Trump takes aim at Pelosi amid stalled shutdown negotiations


In exchange for $5.7 billion in funding for a border wall, he gave his support for a three-year extension of protection for the 700,000 immigrants who arrived in the country as children. As he notes, the Democrats rejected it out of hand. "It's clearly a Republican-and-Republican negotiation", a Democratic congressional aide with direct knowledge of negotiations told CNN. This is in line with the bipartisan Bridge Act proposed by Sen.

"It's clear the President realizes that by closing the government and hurting so many American workers and their families, he has put himself and the country in an untenable position", Schumer said in a statement.

The calculus for the majority leader changed as the shutdown has dragged on, people familiar with his thinking said, pointing to Pelosi's letter to Trump on Wednesday suggesting he postpone his January 29 State of the Union address until the government reopens.

"I cannot support the proposed offer as reported and do not believe it can pass the Senate", he said in a statement. "Third, I am ready to sit down at any time after the government is opened and work to resolve all outstanding issues", Durbin said.

Axios was the first to report this.

White House acting chief of staff Mick Mulvaney insisted that declaring a national emergency to circumvent Congress - Trump has threatened to do so - remains on the table, but added that the "best way to fix this is through legislation".

Youth leaders asked that Congressional Democrats stand strong against the false compromise, and demanded that Trump reopen the government.

The Kentucky Republican calls Trump's proposal a "fair compromise" for ending the standoff. But while Trump cast the move as a "common-sense compromise", Democrats were quick to dismiss it at a "non-starter".

Joe Manchin weighed in on the President's announcement in a tweet on Saturday evening, saying he was "hopeful" that this proposal would allow the government to open soon.

Republican Sen. Lindsey Graham of SC had floated such a compromise to the President as early as late December. "They want us to give up a part of ourselves to gain temporary aid", explained Monica, OneAmerica youth leader from Federal Way. "With this proposal, Trump expanded the conversation".
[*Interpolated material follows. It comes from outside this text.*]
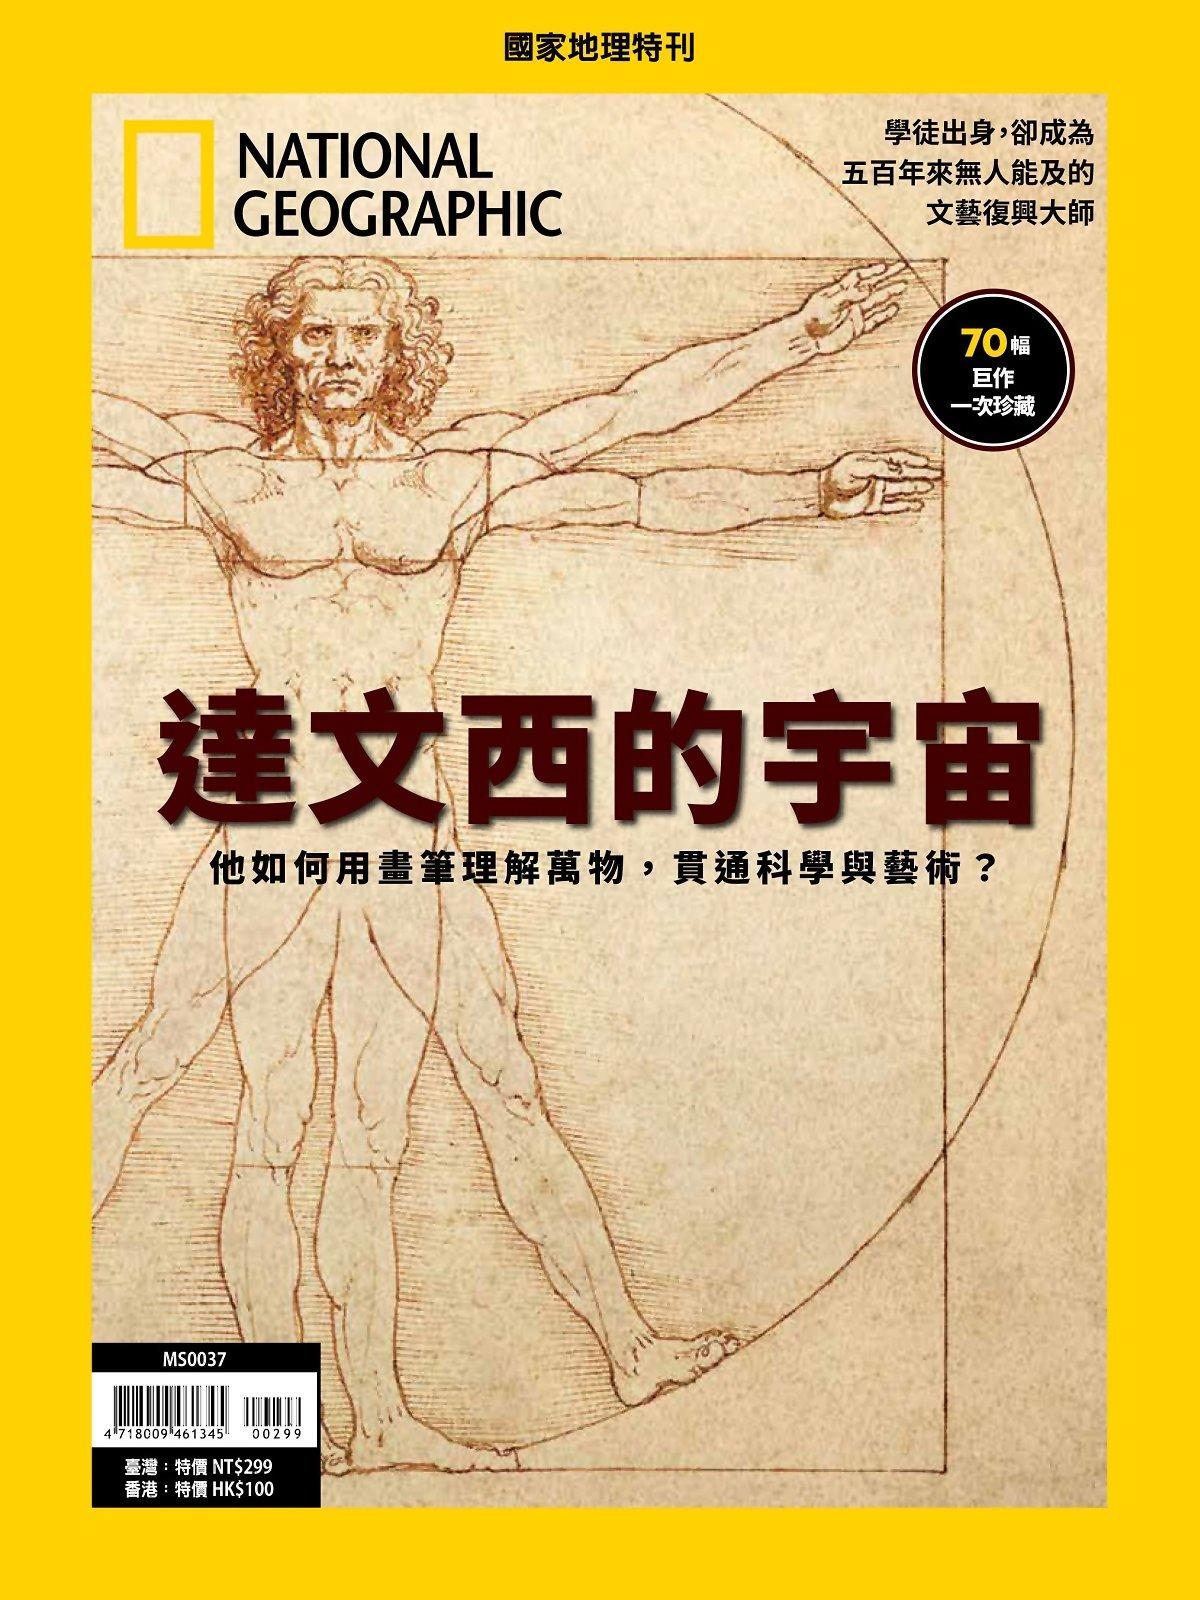 國家地理雜誌中文版 :達文西的宇宙

Two dead in fire at French ski resort popular with Royal Family
Four of the injured were described as being in "serious" condition, and the others have minor injuries. The blaze broke out before dawn in a three-storey block used to accommodate young resort workers.
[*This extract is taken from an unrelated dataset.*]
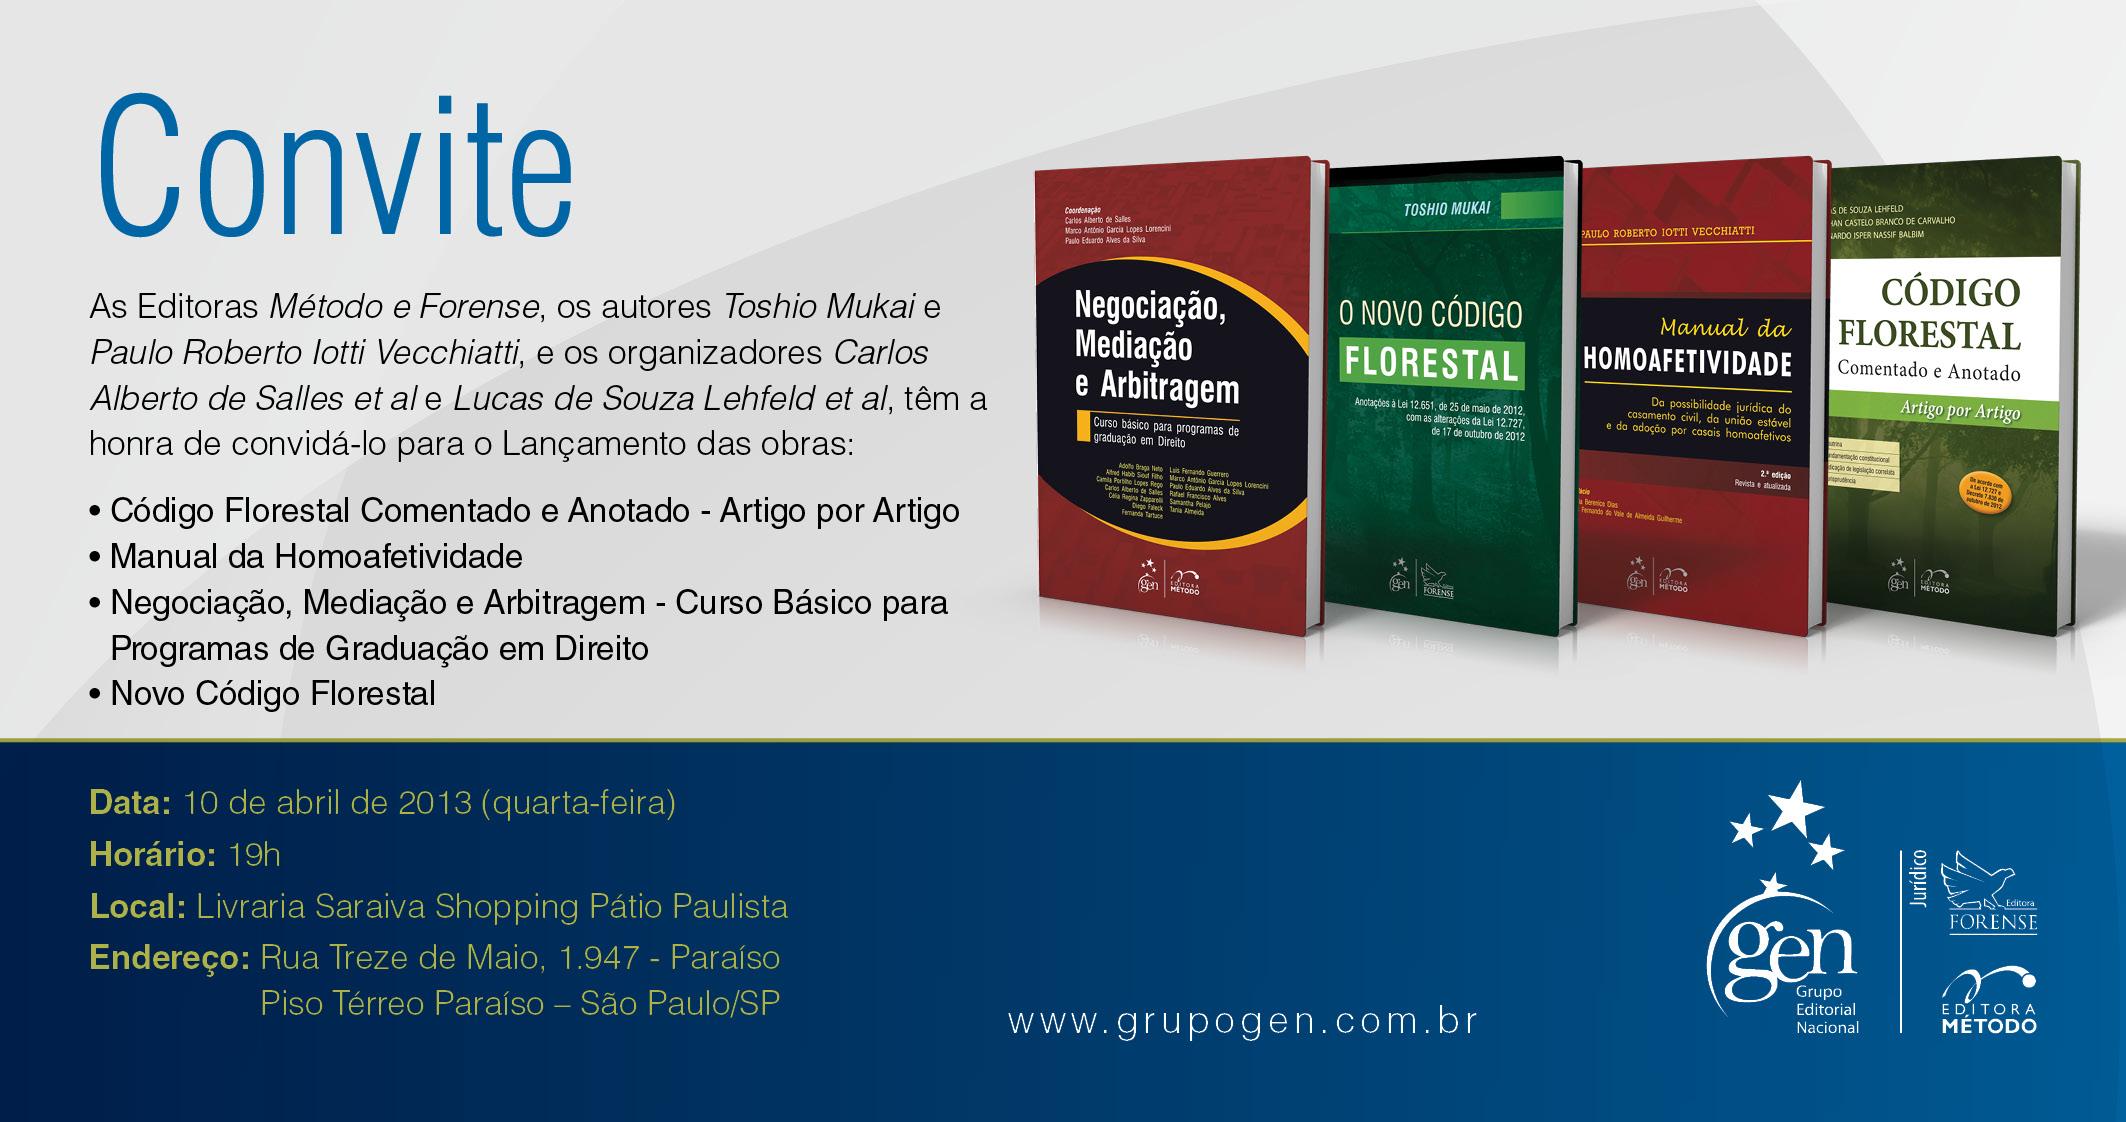 Convite lançamento-Saraiva Shop.Pátio Paulista 10.04.13

Democrats were hopeful that the President was finally willing be to re-open government and proceed with a much-need discussion to protect the border. He said previous presidents had not made real progress on immigration, which had led to "tragic consequences".

The BRIDGE Act would allow those immigrants to remain in the country and receive work authorization for three years after the deal is approved.

Trump's offer would not provide the path to permanent legal status - or citizenship - for DACA beneficiaries that many Democrats have sought in any immigration deal that dramatically ramps up border security.

The shutdown became the longest on record last weekend. "100 miles of border wall in exchange for amnestying millions of illegals".

Today, @POTUS outlined a viable plan to secure our borders, provide protections for DACA recipients and reopen the government.

Senate Majority Leader Mitch McConnell on Saturday said that he will take up legislation on Trump's immigration plan next week, in exchange for funding of the border wall that would end the almost month-long partial government shutdown.

It will be hard for the measure to get 60 votes needed to survive in the Senate, and it seems certain to die in the House.

"This week", he continued, "we received proof the administration planned months in advance to separate thousands of children from their parents and jail them as a deterrence to stop immigrants from seeking refuge in the U.S. Children have died while in U.S. custody; some have been tear-gassed by U.S. border agents; asylum seekers are being denied access to the legal system to apply".

The money is roughly split between port security and funding for additional judges. "Next week, the House will once again pass legislation already agreed upon by House and Senate negotiators to re-open the government". Senate Minority Leader Charles Schumer, D-N.Y., also said he opposed the plan.

This package including the $1 billion will be the 10th measure House Democrats vote on in an effort to reopen the government since the new session of Congress began.